An actual ban on political symbols necessarily requires the prohibition of symbols that are widely accepted or that also have non-political meanings. Glenn’s clumsy statement tried to elide the distinction between the political and the “highly divisive,” but those are different concepts. A blanket ban on political symbols is difficult to enact precisely because it requires banning images that are quite popular. Anything else is just a ban on symbols with which an organization is not comfortable.
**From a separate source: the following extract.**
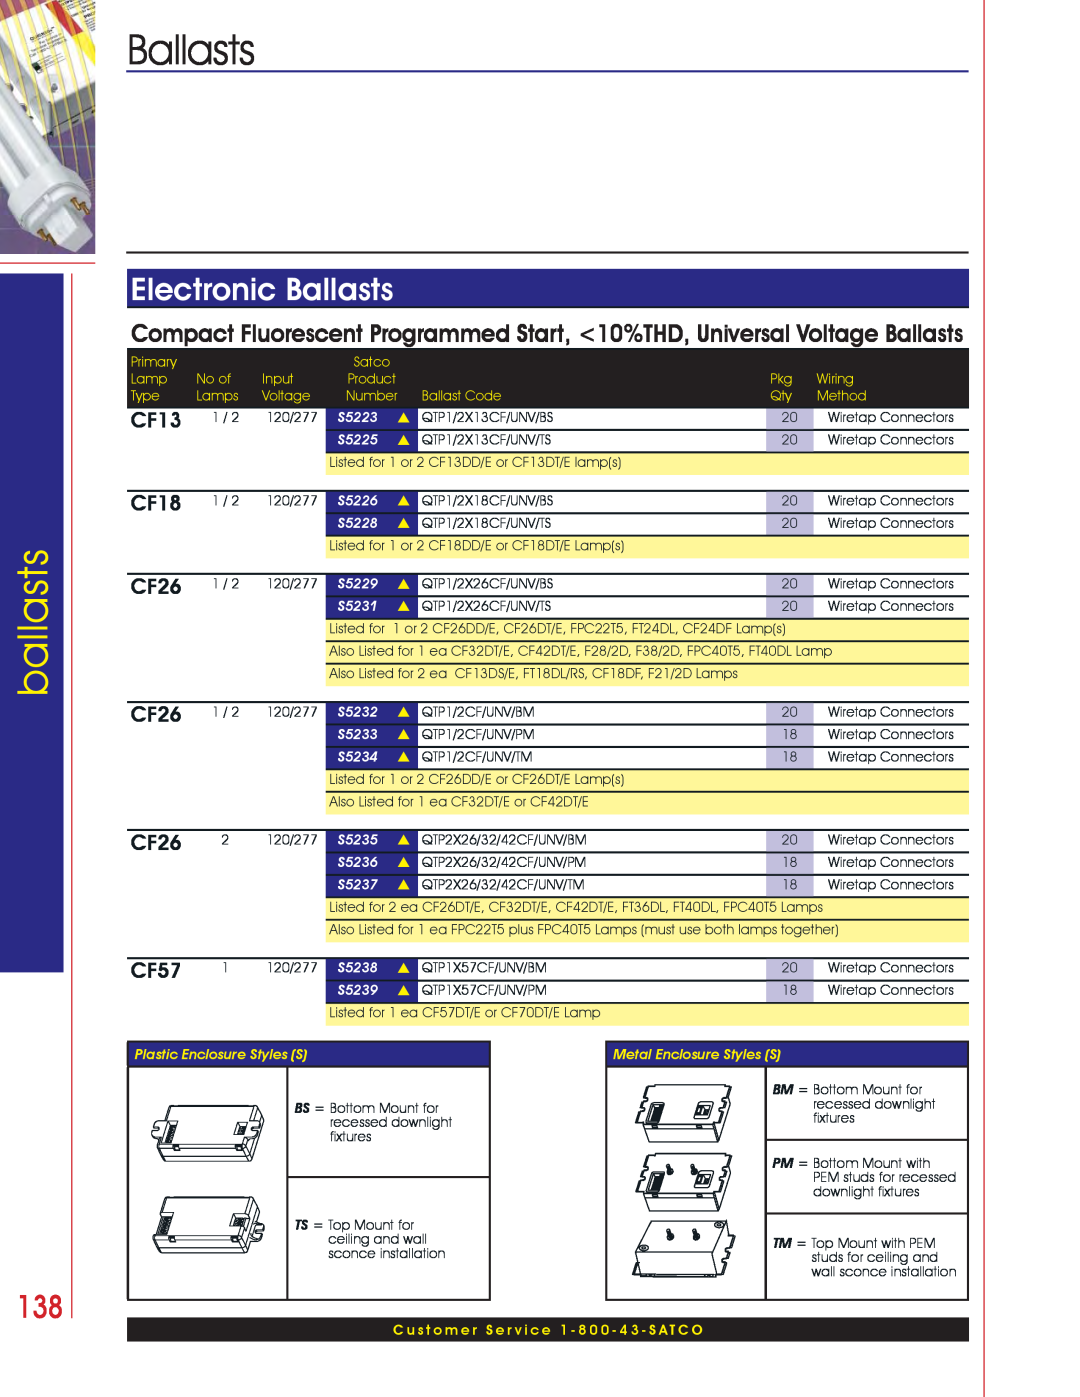 Satco Products Fluorescent Ballasts ballasts, Electronic Ballasts, CF13, CF18, CF26, CF57, S5223, S5225, S5228, S5231

Anything else is just an effort to ensure that the product on display does not risk blowback from sponsors or, to a lesser degree, the public. The Football Association’s policy has long fallen into the latter category while presenting as something more high-minded.

Insofar as Pep Guardiola’s worldview is self-serving and hypocritical, as we have so often and correctly been reminded, so too is that of the Football Association. It should not have taken Martin Glenn’s latest display of ineptitude for this to become obvious.